The cost issue is two fold – first there is the internal cost of using the Team Editions of Visual Studio. For the MSDN subscription, Team Edition (not Team Suite) runs $1000 more per develper, per year than Visual Studio Professional. While this is not bad for a small team, it’s prohibitive if you are looking at growing significantly, or standardizing across large group. I can think of many useful ways to spend $7,000 per year besides sending it to Microsoft. Not that Team System is not cool and useful, but in the end, I just don’t see it being $7,000 per year cooler than Subversion + TRAC (open source issue/bug tracking system) and that’s the real bottom line – value. 
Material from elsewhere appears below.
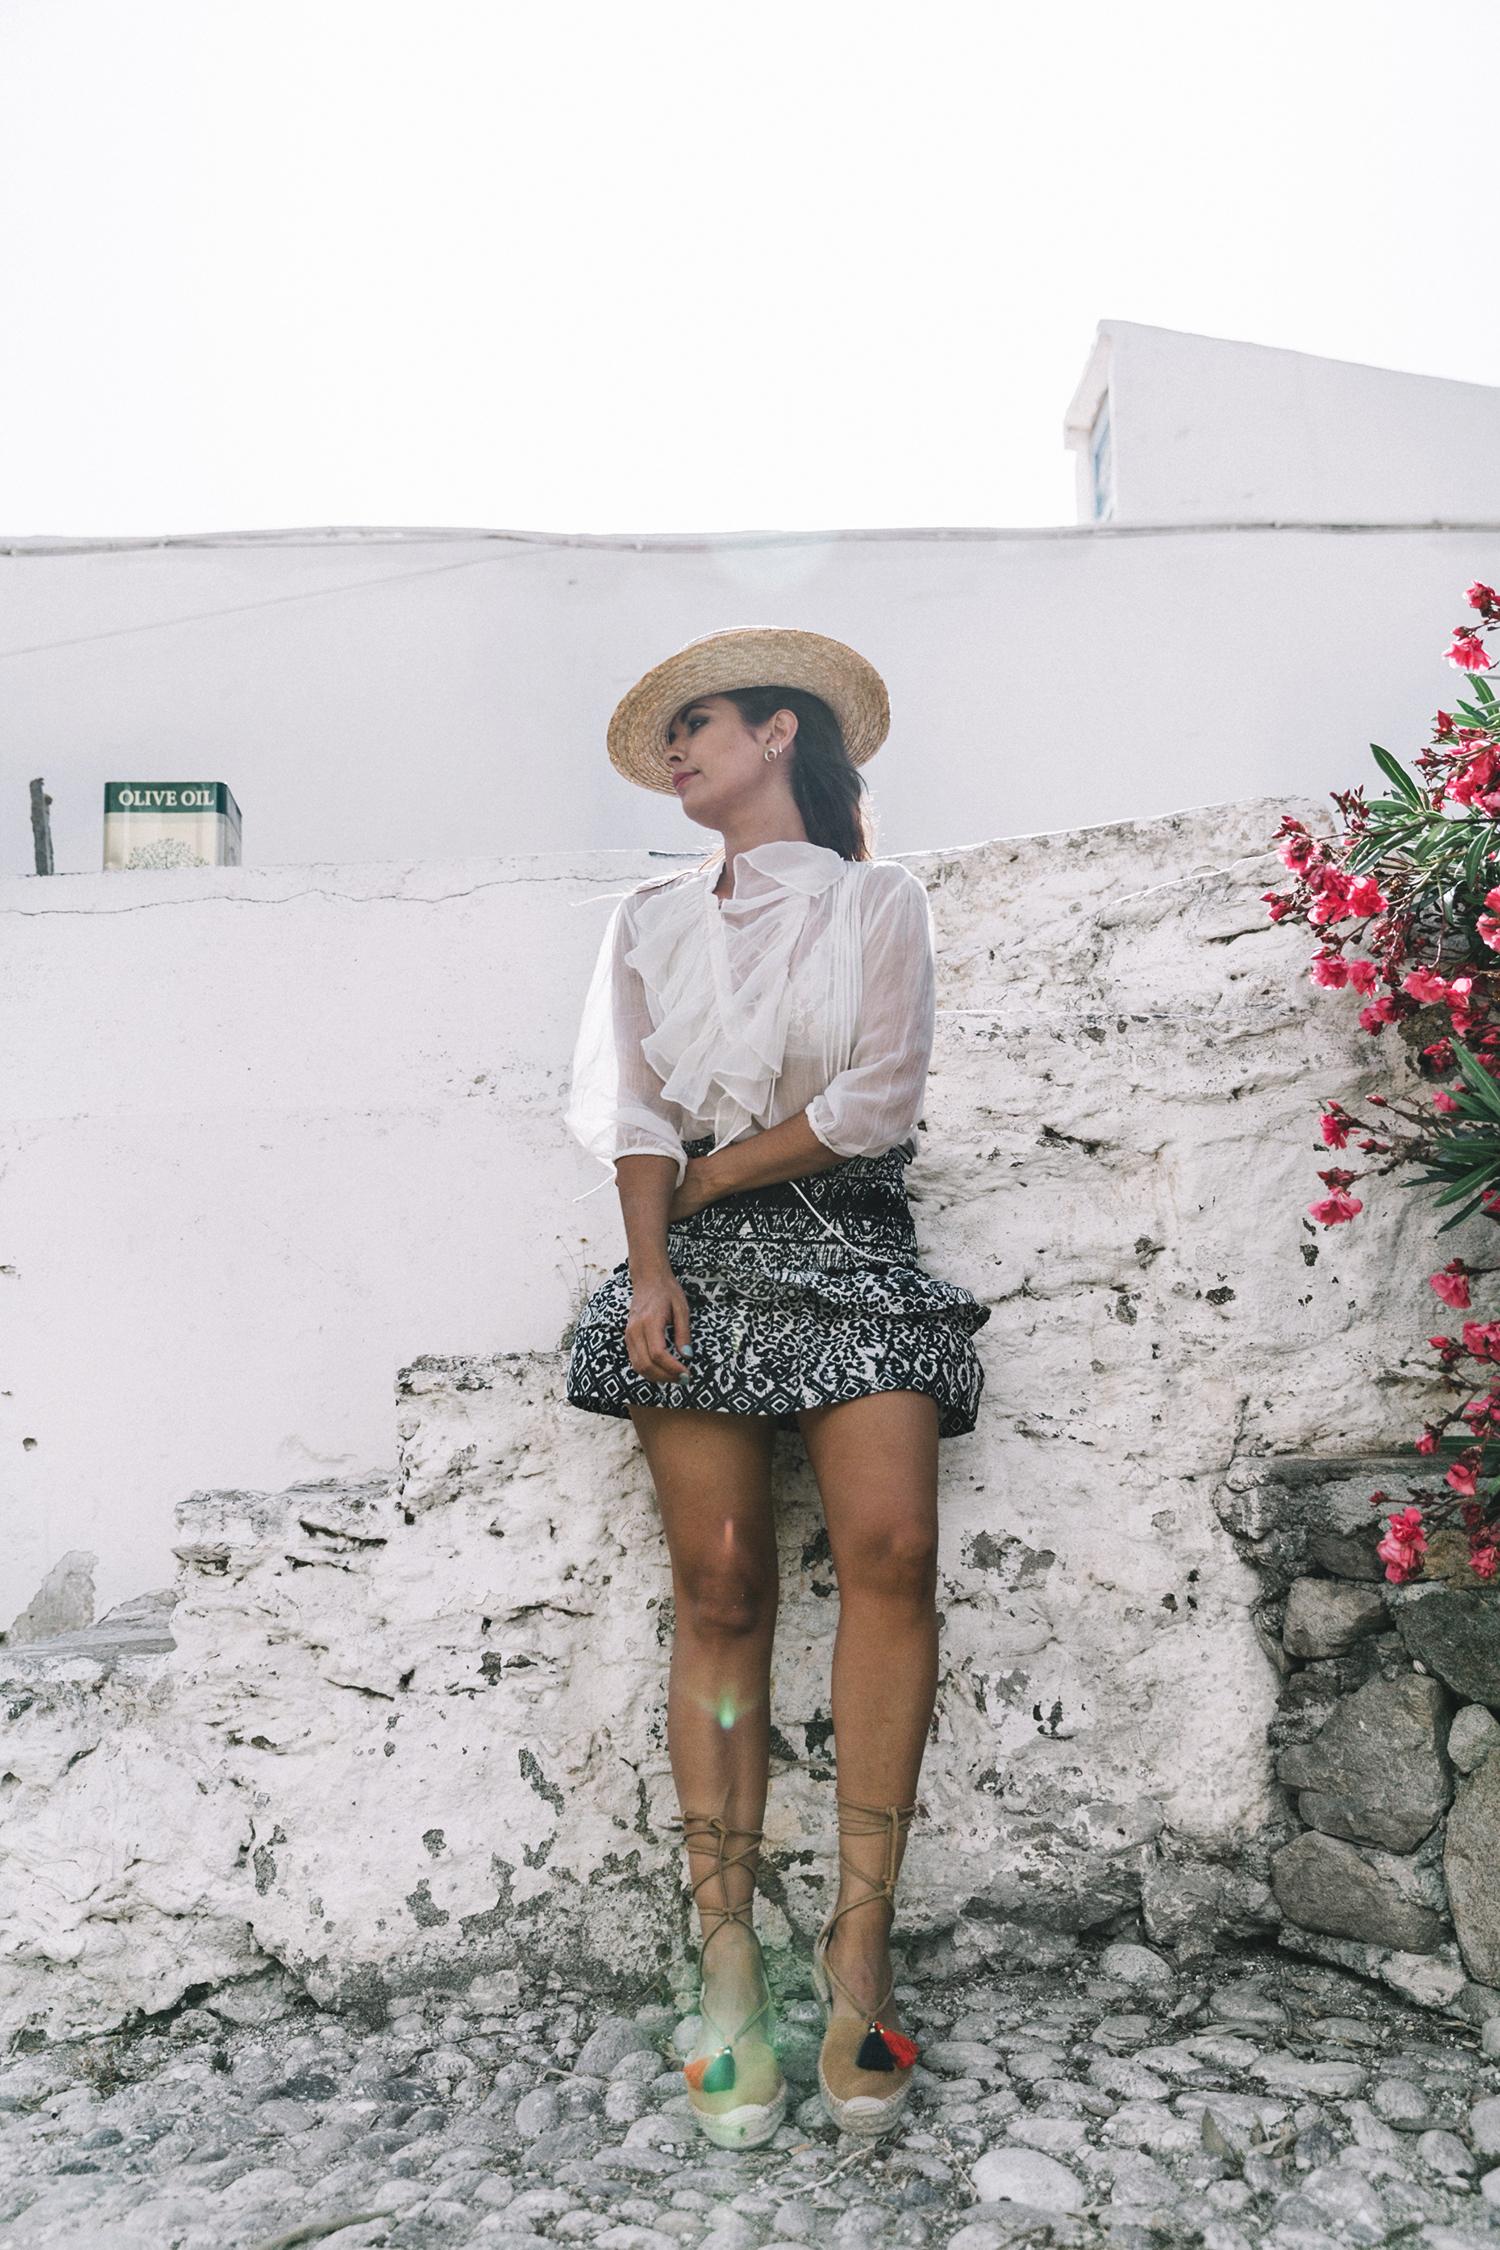 Lace_up_Blouse-Ralph_Lauren-Soludos_Espadrilles-Soludos_Escapes-Skirt-Straw_Hat-Canotier-Lack_Of_Color-Street_Style-Mykonos-Greece-Collage_Vintage-40

The second cost aspect is somewhat inverse – if we are using Subversion and an open source build/unit testing/coverage/installer stack, then we can ship this to our clients. Since we build state level enterprise systems, and most of our clients expect to take on the longer term support and maintenance of the system, there is some serious value in being able to turn it all over to them as a comprehensive development platform. If we are on Team System, then it would be doubtful if we could ship the whole stack.

Ease of Use

Since Team System is fully integrated into Visual Studio Team Edition, the user experience for most things is pretty good. Actually I really like the check-in rules you can implement. However, we have had many issues working with web projects, as well as dealing with “other” files such as CodeSmith templates. Of course CodeSmith does not “know” about Team System, so it can’t automatically “check out” the files prior to editing them. Since Team System sets your working copy to read-only when you check in (there may be a way to change this – not sure), in order to make a change to my template, I need to open Visual Studio (slow), connect to Team Server (slow), navigate to the templates in source control, check out the file, make the change, go back to Visual Studio and check in the file again. Compared to working with  Subversion, this is a major pain.

The Transition

At this point we have our Subversion server setup, and our domain accounts are authenticating through Apache. All is well. The next step is at the end of our current Sprint, get the latest code from Team System, do a build, run all the tests, clean the solutions (using Omar Shahine / Jeff Atwood’s Clean Sources) and then load the files into Subversion. I did some Googling for tools which would take the history etc. along for the ride, but I did not find anything. At this point we are early enough in the project where losing history would not be too much of a problem, and we’ll be able to have the Team Server running for at least 6 months incase we really need to get some old version.

Tools

At this point we are planning on using the very well regarded TortoiseSVN as the main client for Subversion, but we’ll also be trying AnkhSVN and VisualSVN to handle the Visual Studio integration. I’ll let you know how those tools pan out.